High cost of protection is eroding legal bastion
Frances Gibb: commentary
Jury-less criminal trials have sparked controversy in the legal profession, pitting prosecutors against defence lawyers. The Criminal Justice Act 2003, which made them possible, was introduced amid concerns over jury nobbling. David Blunkett, who was Home Secretary, said that in London alone £9 million was being spent every year on surveillance of jurors. People who tried to intimidate jurors did so for one reason, he said — “because they think that those in front of the judge and jury will be convicted”.

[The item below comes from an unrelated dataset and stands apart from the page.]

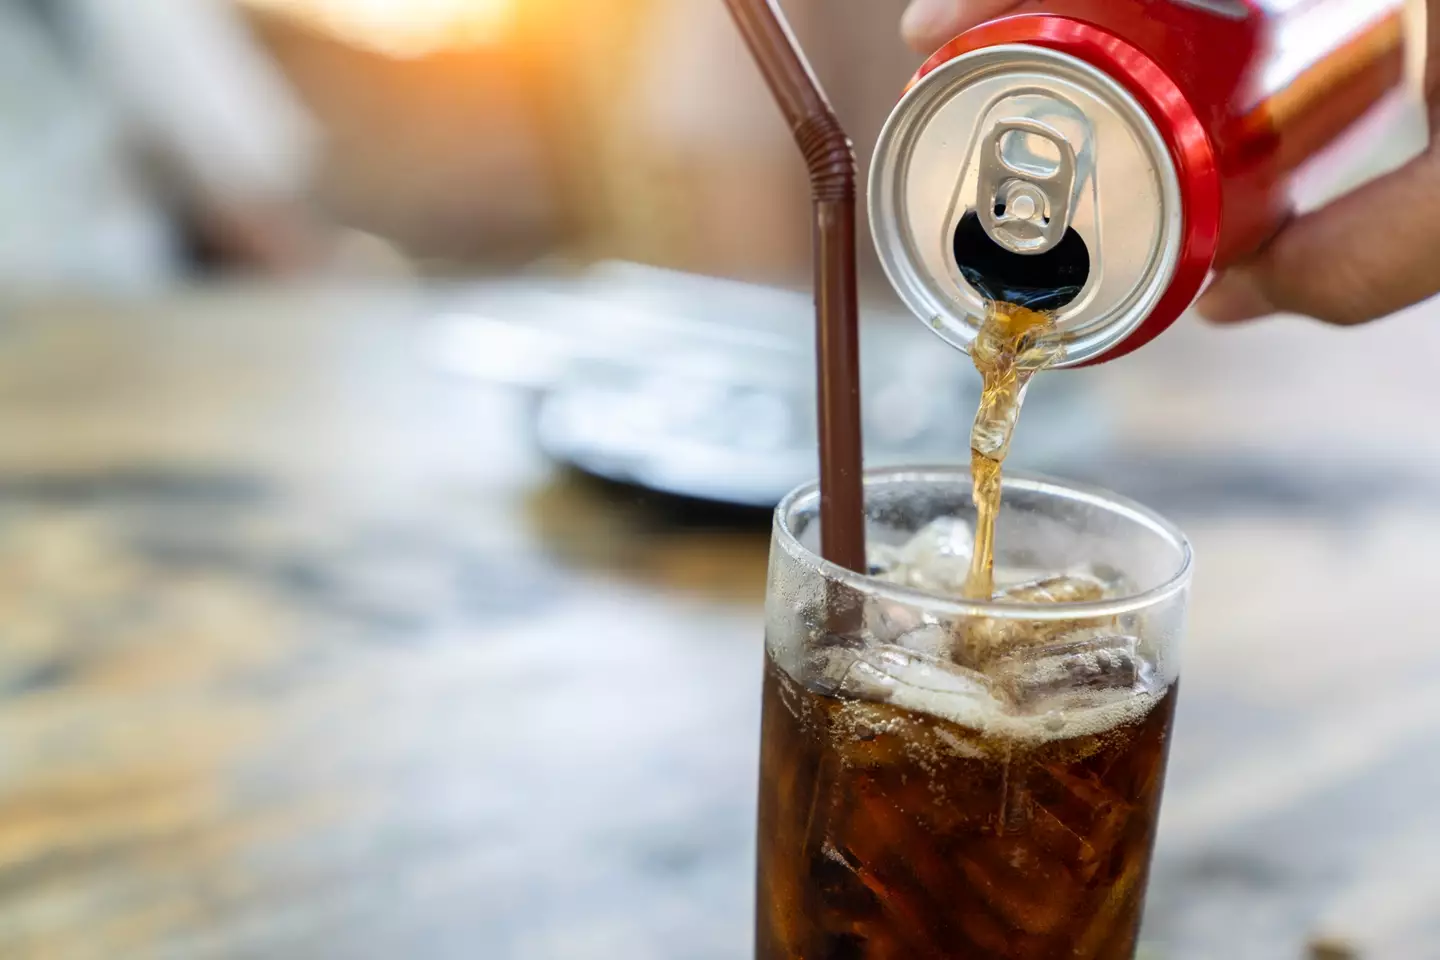 Sugary, carbonated drinks found to be one of the most unhealthy of processed foods. (Virojt Changyencham/Getty)

So the Act allows for trial without jury if there is “evidence of a real and present danger” of tampering. The growth of organised crime has made interference with juries an increasingly serious threat to justice.
But judge-alone trials highlight the need to balance the aims of bringing criminals to book and ensuring a defendant’s right to a fair trial. The principle of trial by one’s peers has long been eroded but for serious criminal charges it remains a bastion of the English system — as it is in all common law countries, such as the US and Australia. Elsewhere it is rarer: Germany abolished it in 1924; and in France it is available only for crimes carrying at least ten years in jail.

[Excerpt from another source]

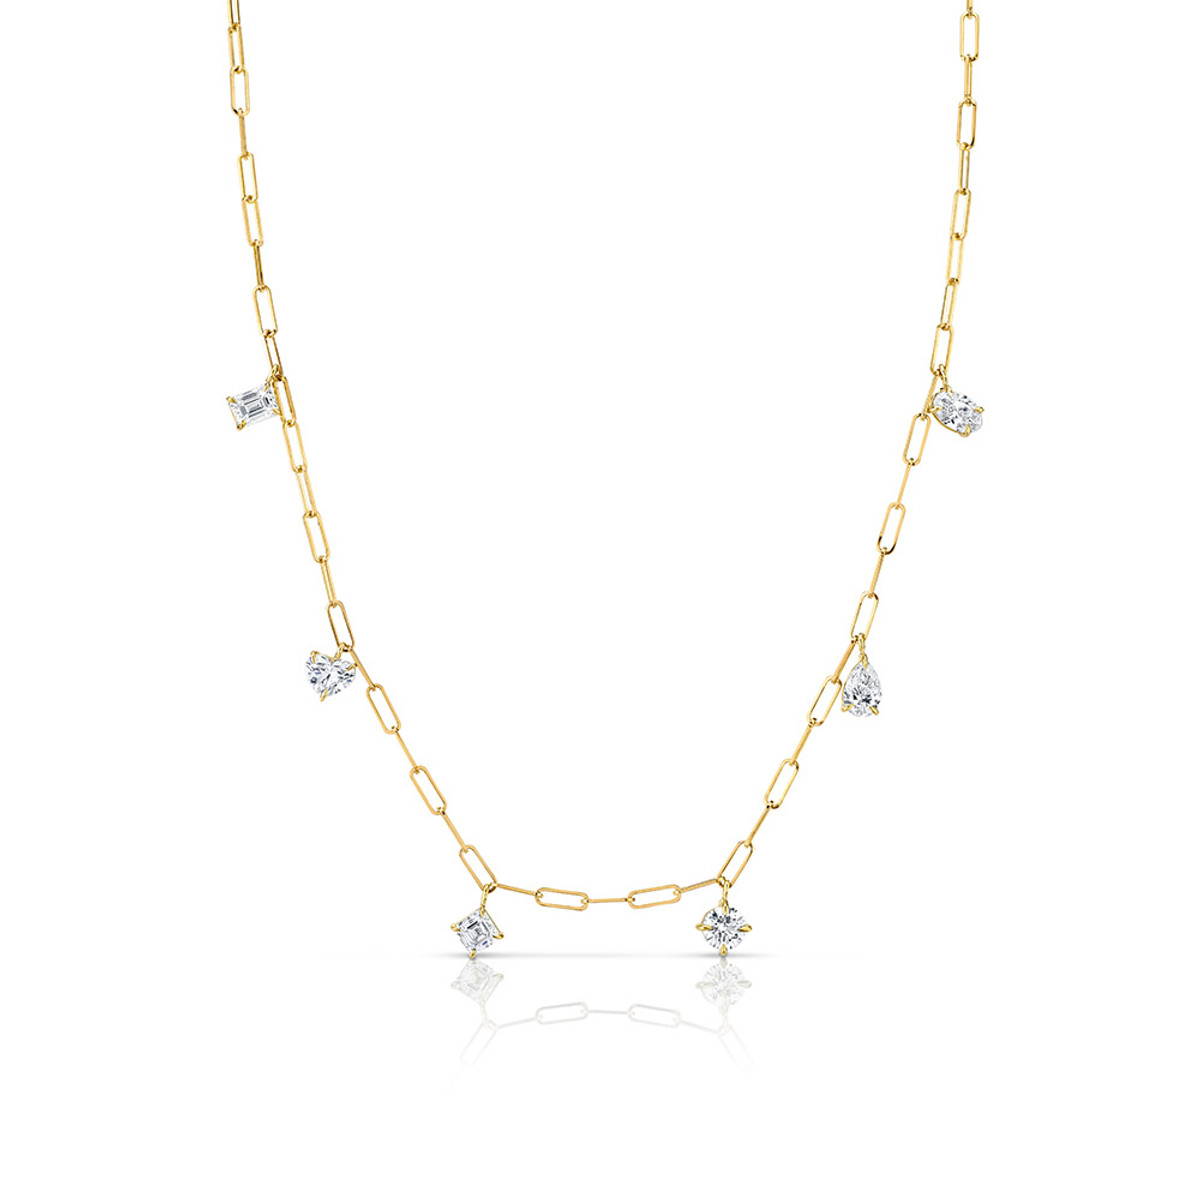 Hyde Park Collection 18K Yellow Gold Diamond Charm Necklace-44006

Now, with yesterday’s guilty verdicts, lawyers voiced fears that judge-only trial would become a template. The so-called Diplock courts, the only UK precedent for such trials, were introduced in 1973 for terrorism trials in Northern Ireland and still exist.
Peter Binning, a fraud specialist at the solicitors Corker Binning, said: “There is now an irresistible temptation for prosecutors with difficult cases to argue that jury trial is too expensive. Once judge-alone trials become more established in England and Wales . . . there will be a greater risk of wider legislation to abolish jury trial in certain cases — often those such as fraud and terror trials, where juries are most needed.”
Joseph Wright, a solicitor at Hodge Jones & Allen LLP, said: “It is hard not to see this as the thin end of the wedge.
“The absence of a jury in a criminal trial goes beyond cases of alleged and potential jury tampering and extends to serious or complex fraud cases. Following the 2004 Domestic Violence, Crime and Victims Act some counts may be tried by a jury, and others in the same trial by a judge alone.” Of most concern, he said, was that evidence of alleged jury nobbling in the Heathrow trials appeared to have been withheld from the defence and the judge on grounds of sensitivity.
Defence lawyers have unsuccessfully challenged the “public interest immunity” provisions that kept the material under wraps and newspapers are planning a fresh challenge.
Mr Binning said that the cost of losing jury trials would be that “public confidence in the criminal justice system, supported through participation in the common law jury system, will be irreparably eroded”.